Katia grimaced as she tried to turn the Allen key further only for it to hold firm. "I'm just a hard worker, Chief."

Lenny knotted his brow and glowered at Katia. "There's hard working, and then there's abusing yourself. You want to be as helpful as possible; I get that. However, that includes taking care of yourself."

He took the next bolt and the Allen key from her. "Because you do no one any good if you're starving and exhausted."

Katia was silent, holding her hands together in front of her.

"Go get a bite to eat and then call it a shift," Lenny said. "You already have your forty for the week and then some. Get a good night's sleep, relax for the weekend, and I'll see you on Monday."

"Is that an order, Chief?" Katia asked. Her stomach growled to agree with him.

Lenny motioned back with his head. "Get out of here. I can handle replacing some membranes."

"And a feed pipe," Katia added as she walked past him.

"Right," Lenny said.

The other engineers watched Katia walk for the back wall. Lenny cleared his throat. "You all, on the other hand, are still on shift!" he snapped. "Get back to work!"

They returned to either taking out old membranes or putting new ones in.

Lenny twisted the bolt into the other hole in the plate and used the Allen wrench to tighten it. Katia was not the first newly promoted worker to confuse quantity of work with quality, but she would learn with experience.

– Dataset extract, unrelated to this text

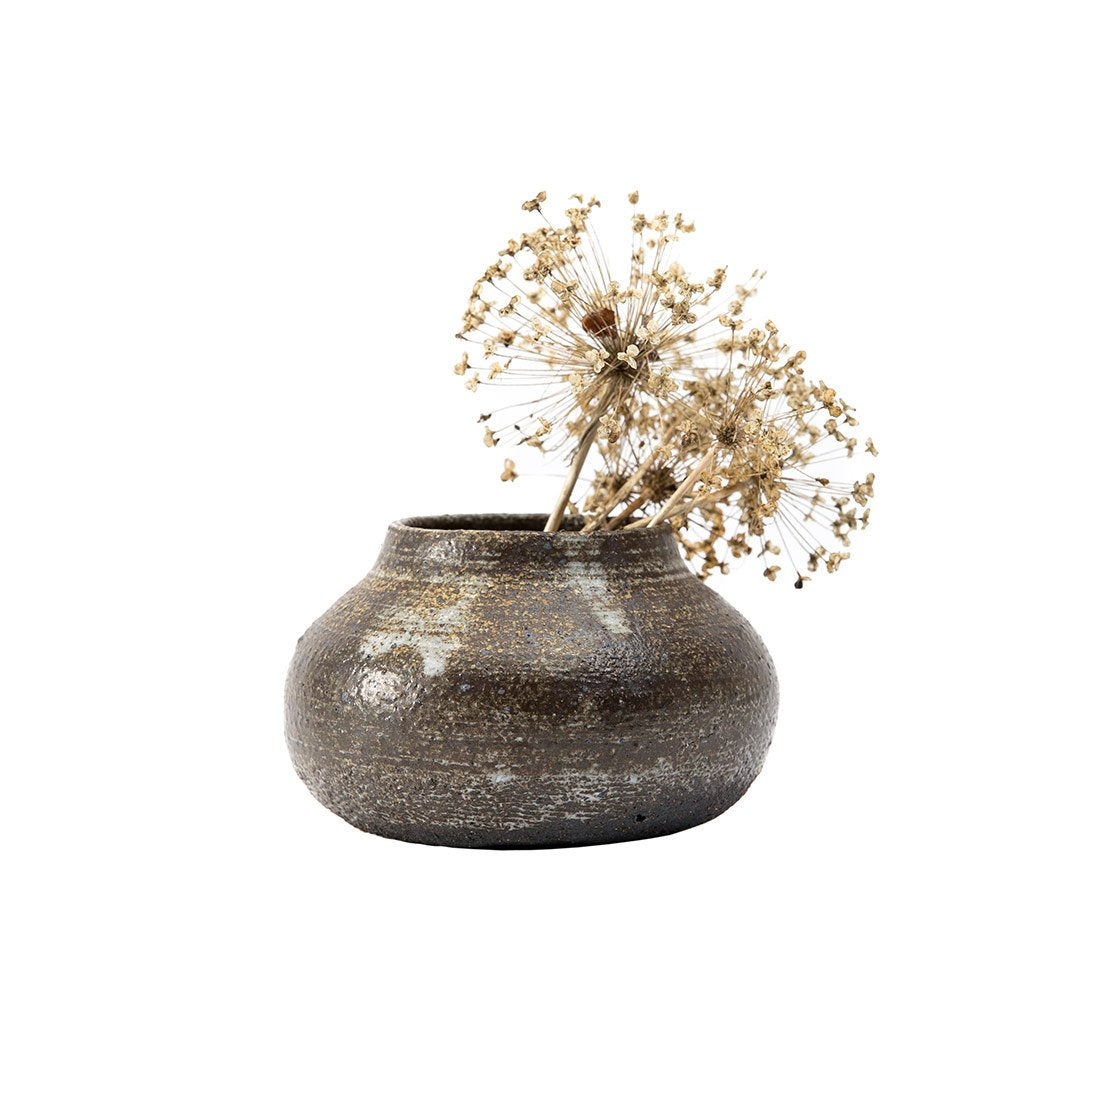 Beguiling Wild Ceramic Vase

While this particular bank was offline for repairs and maintenance, the water passing through others in operation would eventually make their way into the atmosphere as droplets in cumulus humilis clouds. The same happened at the three hundred other cloud towers. The clouds coming from the Drop Kingdom's cloud towers traveled on the winds generated by the Windmill Kingdom's windmills. That was how the two kingdoms worked together to distribute fresh water across the hollow interior of the Wonder Planet in the form of precipitation.

And it was all made possible by the highly skilled engineers overseeing and maintaining those cloud towers and windmills. While selected for being brighter and showing more ingenuity than most, they were ordinary people at heart. They would go home to families, enjoy sports—or some other form of entertainment, had aspirations for the future, indulged naïve presumptions, and delivered hard-earned wisdom. If not for their peculiar product, they could workers in any kind of factory.

Their work was given little thought by the general public of the Wonder Planet—this odd little world where its people live inside its hollow shell—though. When watching the wind rustle the leaves of trees and make waves on a lake or clouds passing overhead and dropping rain or snow, people rarely thought of the workers who made it possible.

About the only time anyone cared the Wonder Planet's weather was a product of industry and not nature was when something went wrong.